=== MATERIAL TO PROCESS ===
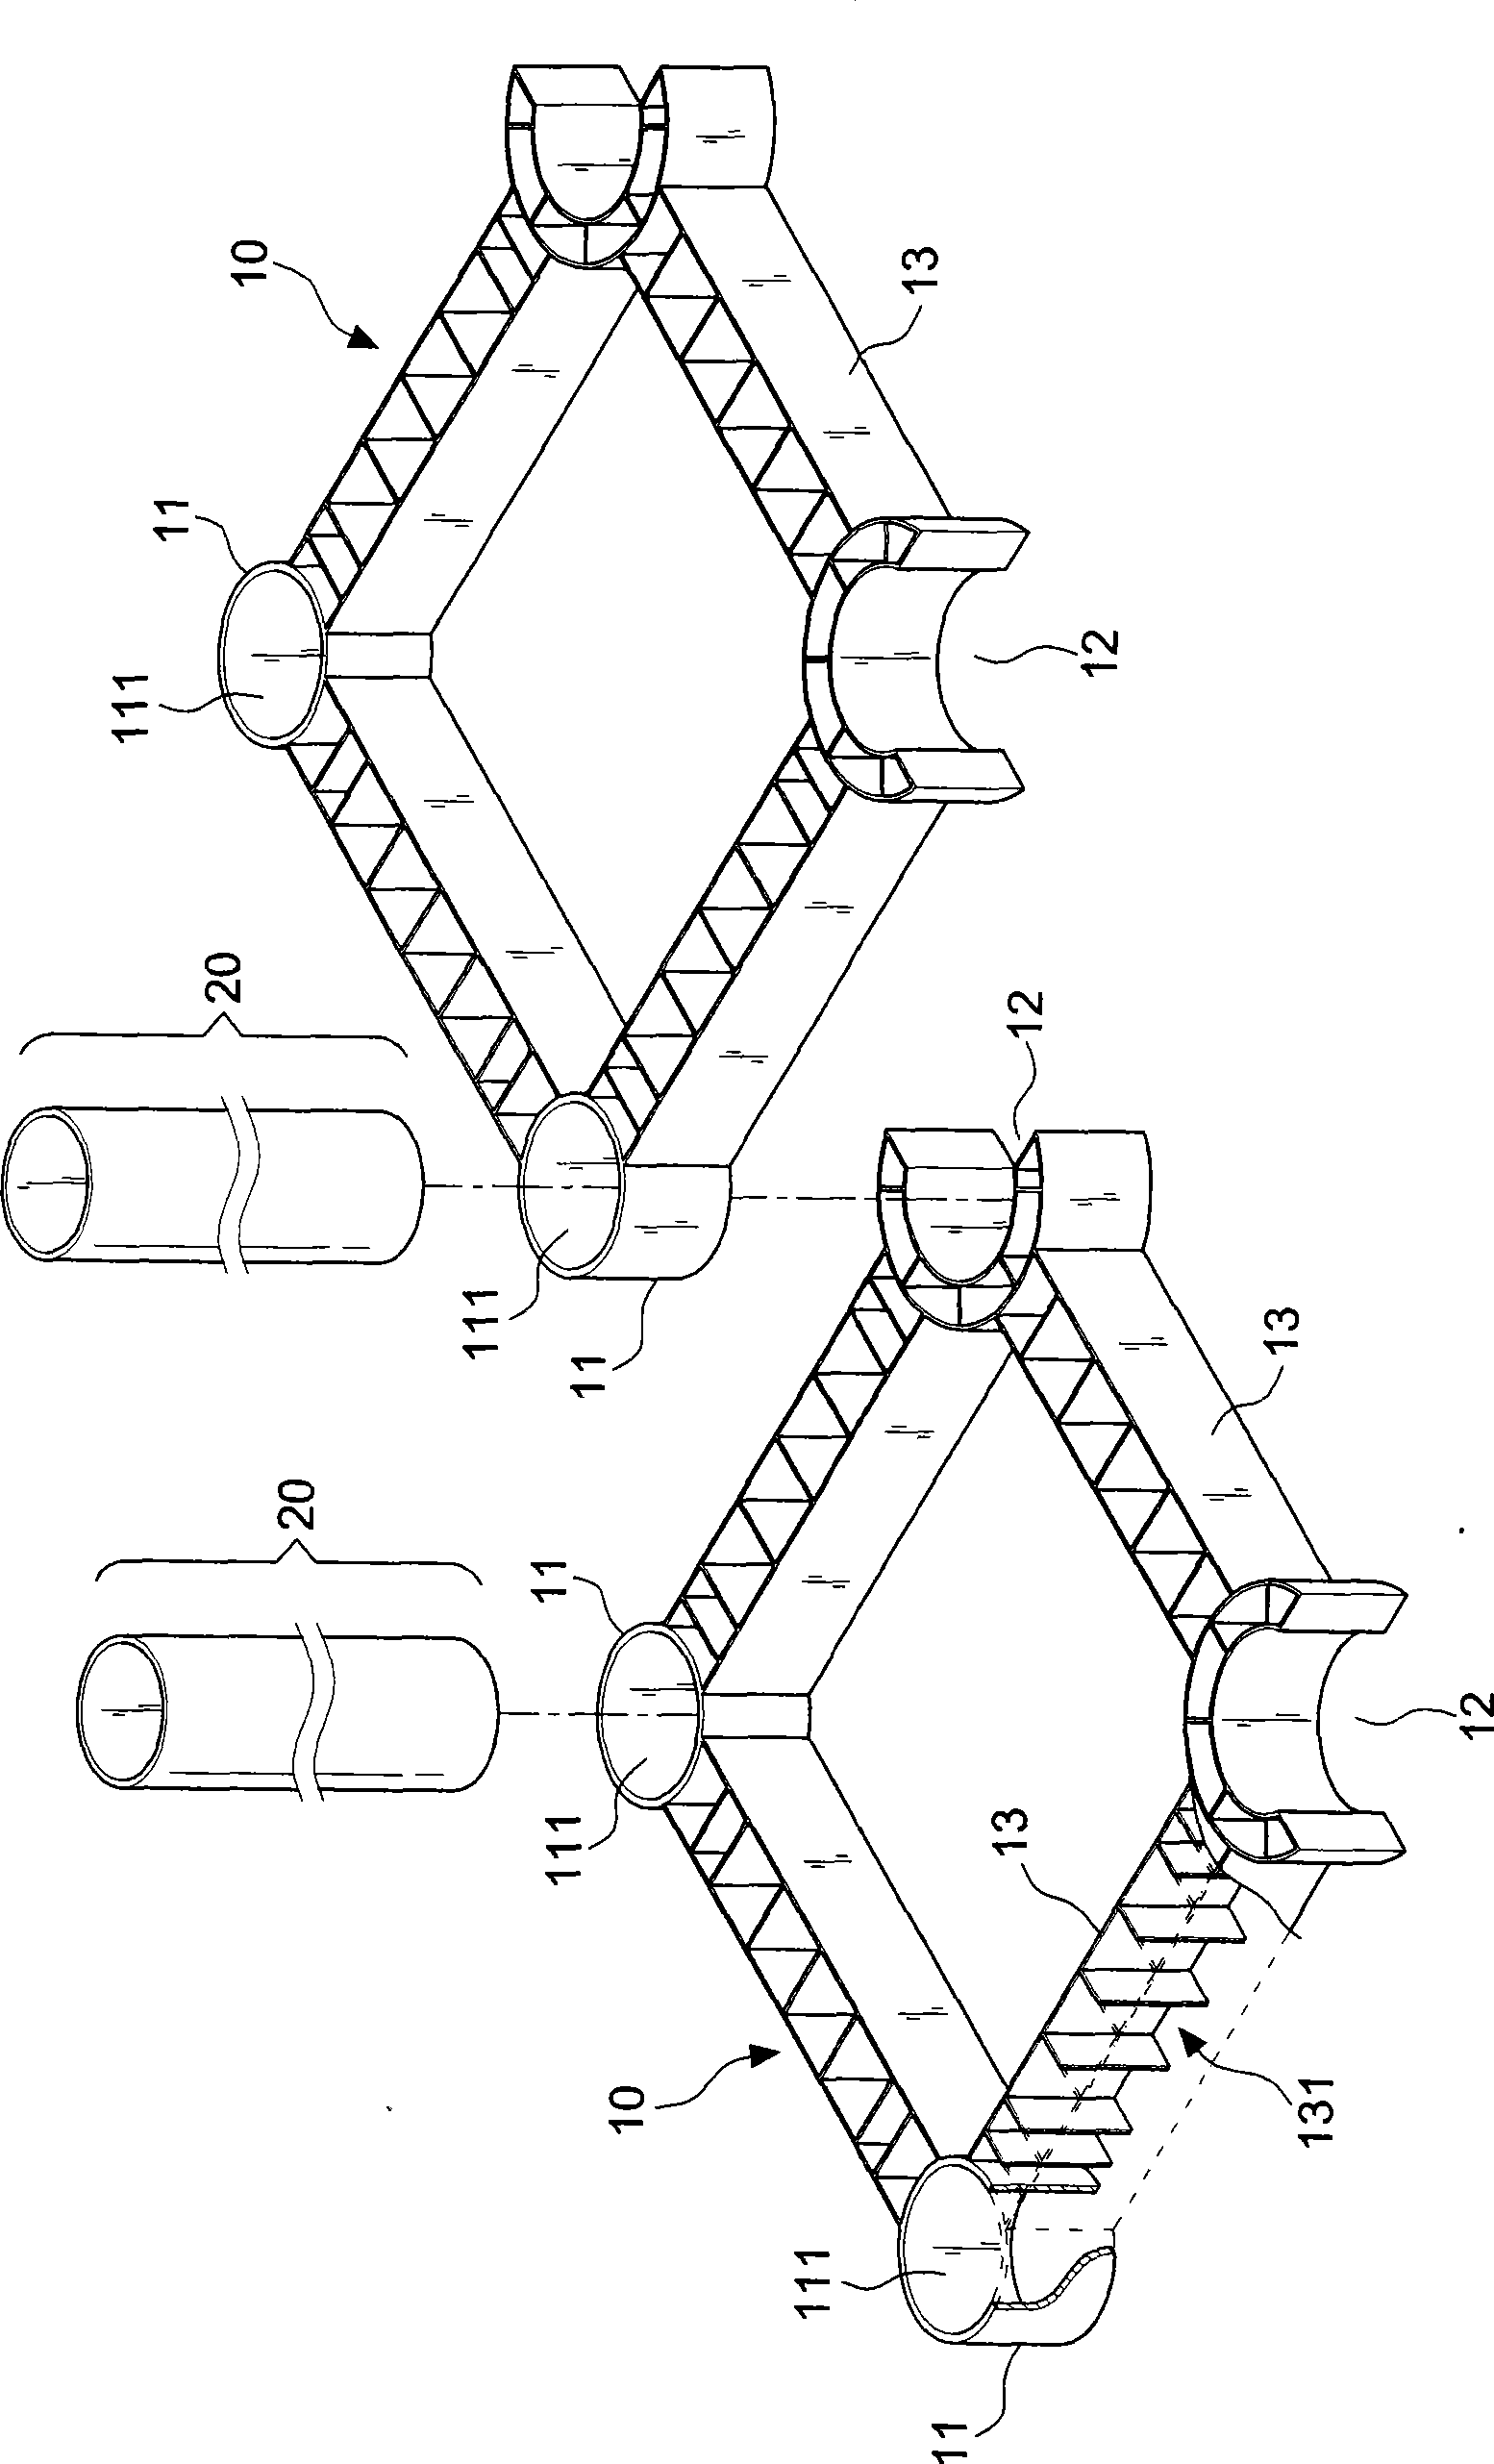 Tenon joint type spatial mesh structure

...

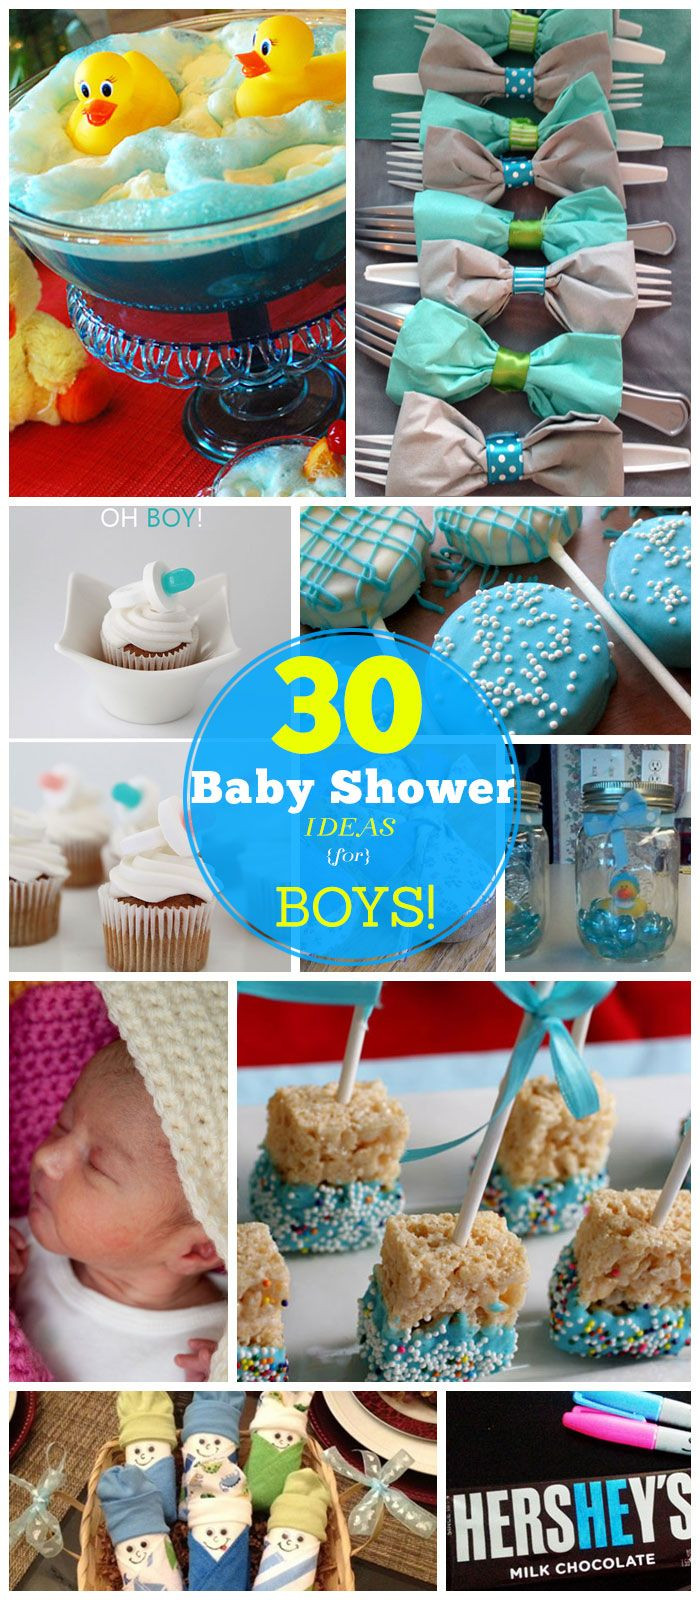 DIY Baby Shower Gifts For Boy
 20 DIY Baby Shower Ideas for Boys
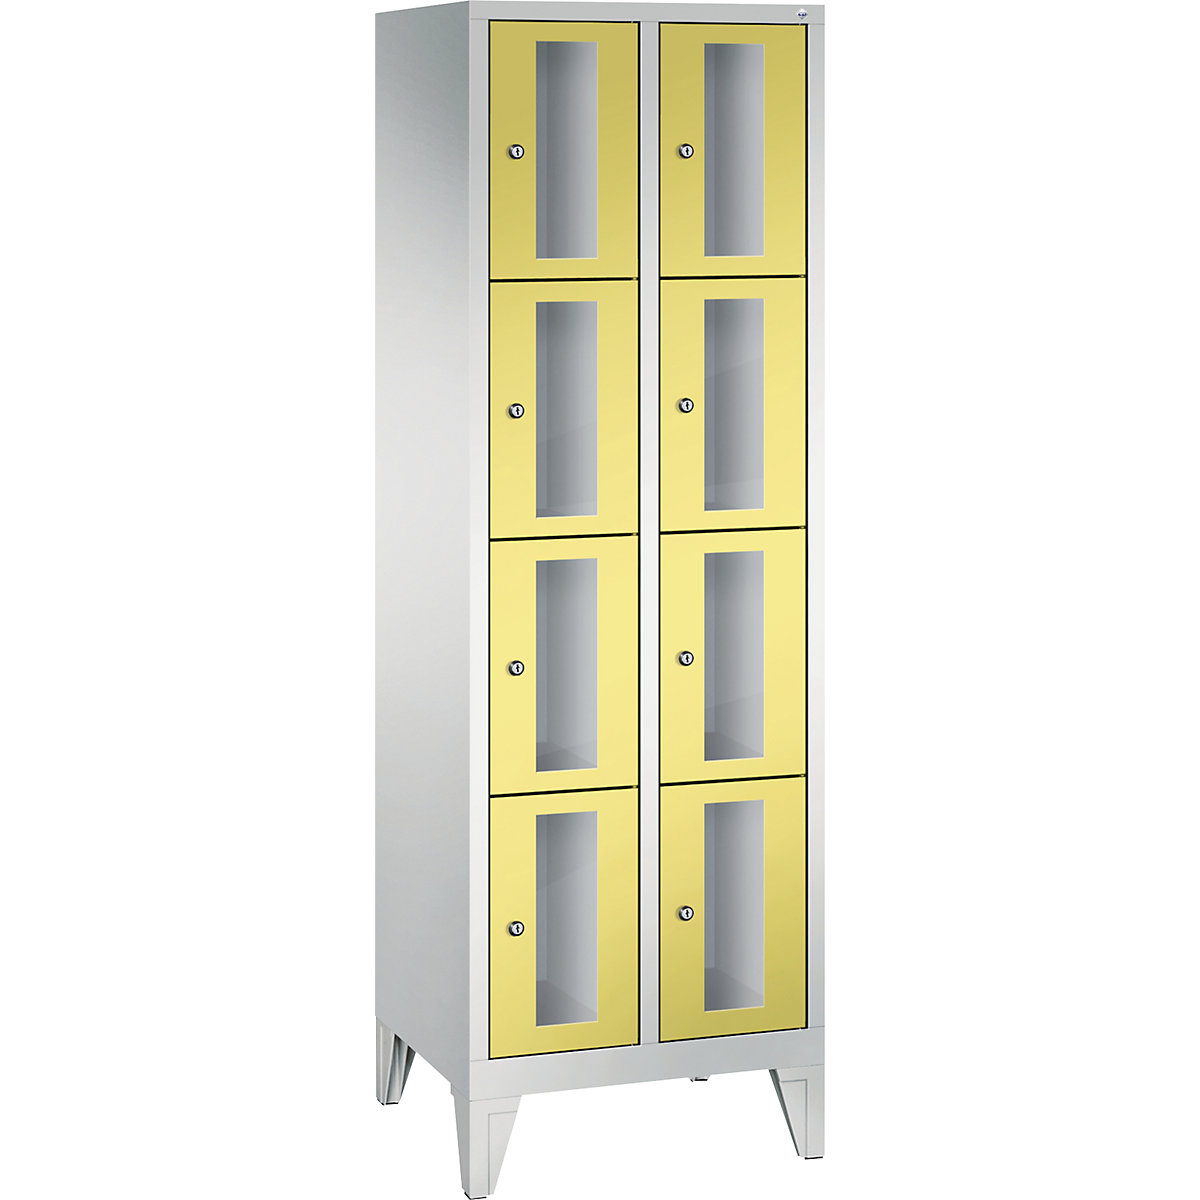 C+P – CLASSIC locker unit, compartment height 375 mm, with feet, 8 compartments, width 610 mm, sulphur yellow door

--

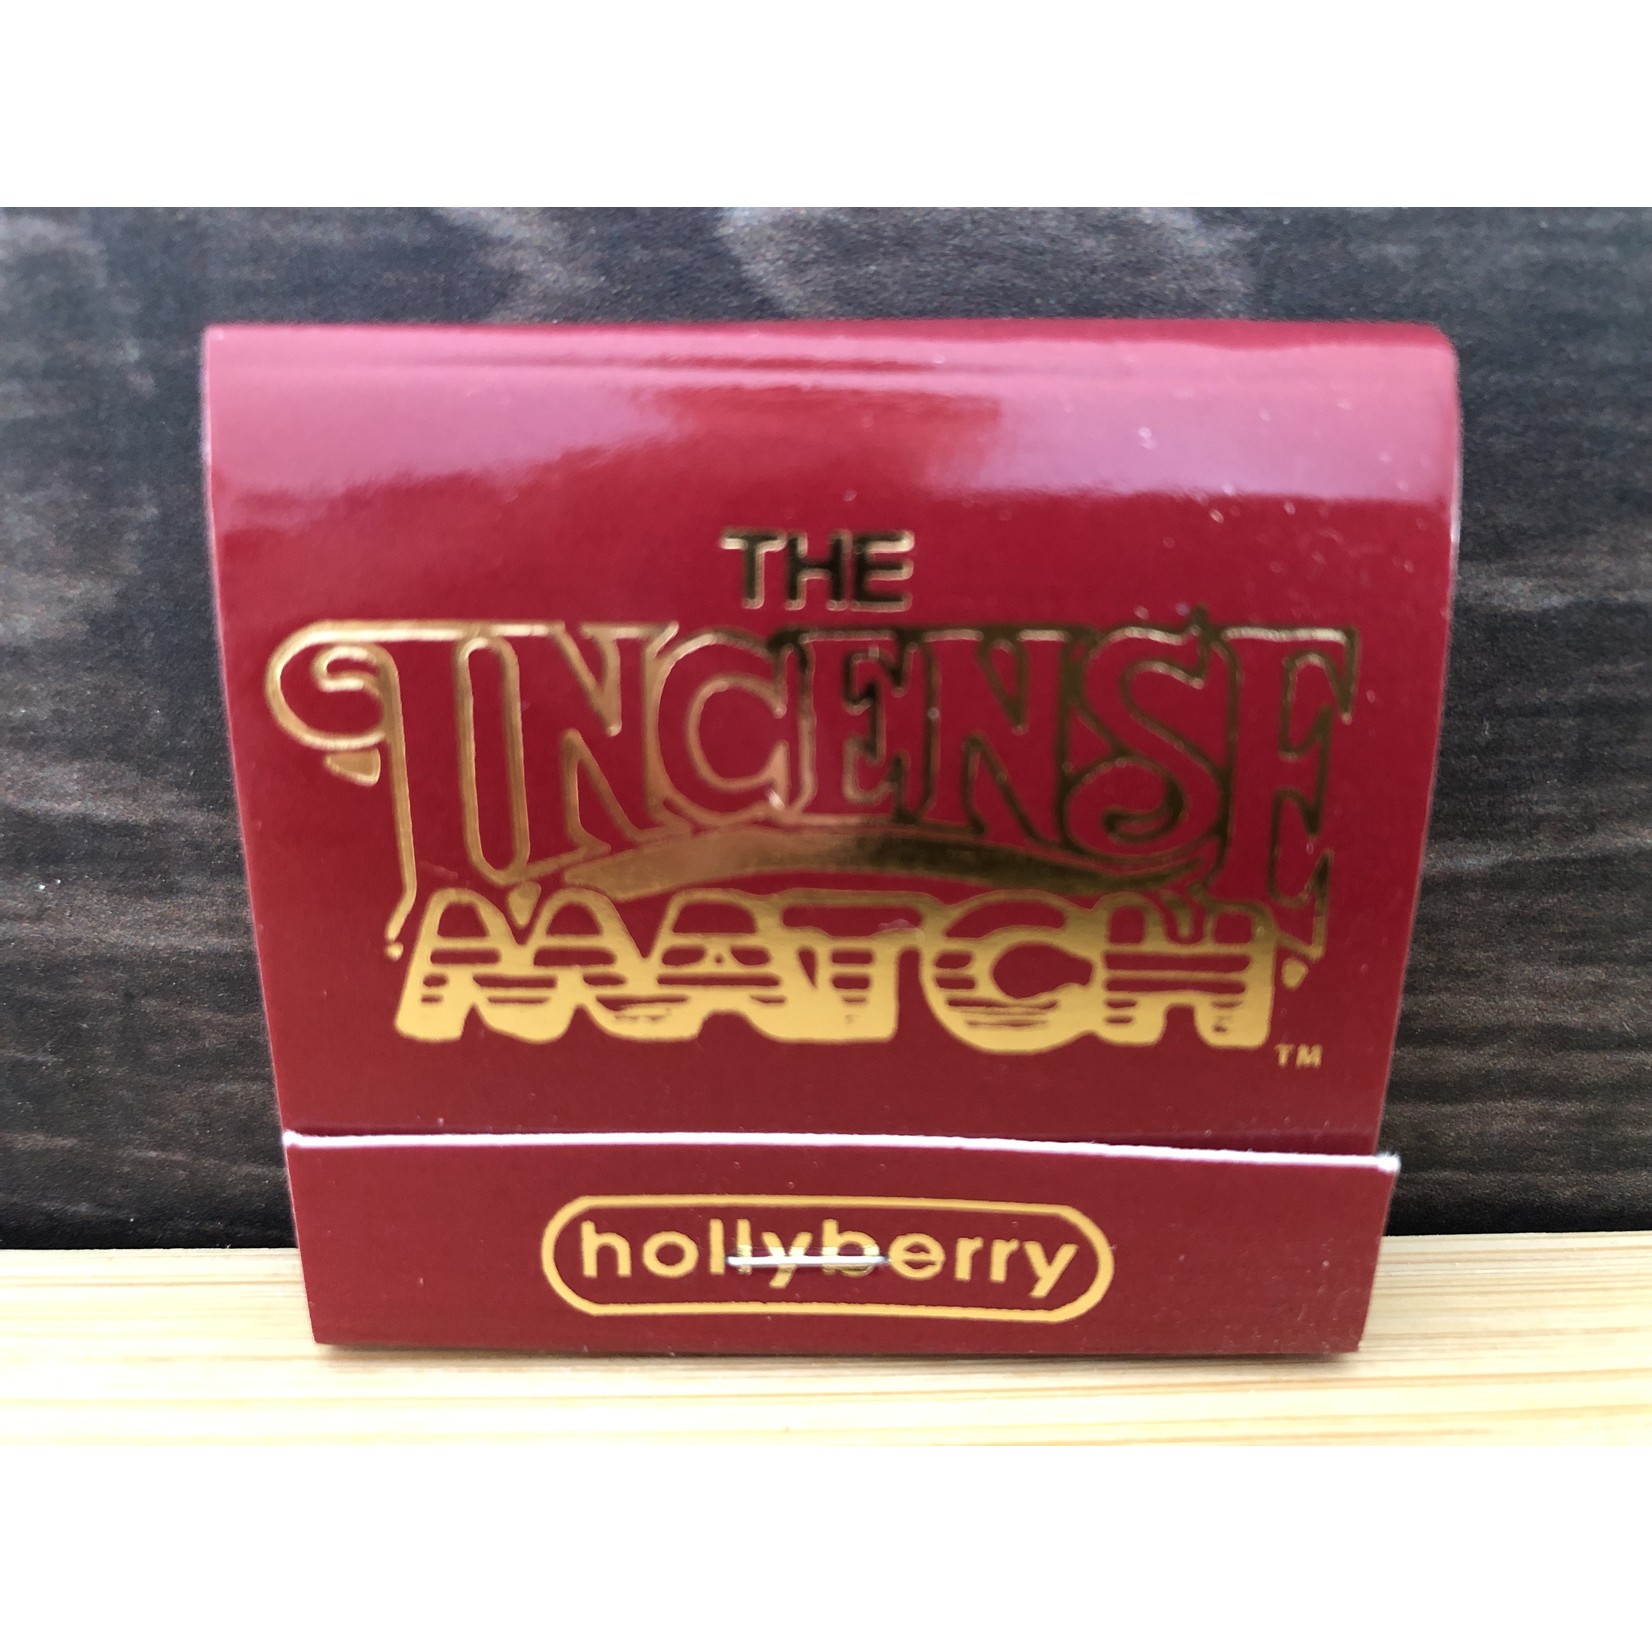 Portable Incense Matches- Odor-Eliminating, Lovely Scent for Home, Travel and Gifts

=== WHAT IS BEING ASKED ===
Although pictures appear among the records above, none are to be output; print exactly the lines from the line containing "DIY Baby Shower Gifts For Boy" through the line containing "C+P – CLASSIC".

=== TASK OUTPUT ===
 DIY Baby Shower Gifts For Boy
 20 DIY Baby Shower Ideas for Boys
 C+P – CLASSIC locker unit, compartment height 375 mm, with feet, 8 compartments, width 610 mm, sulphur yellow door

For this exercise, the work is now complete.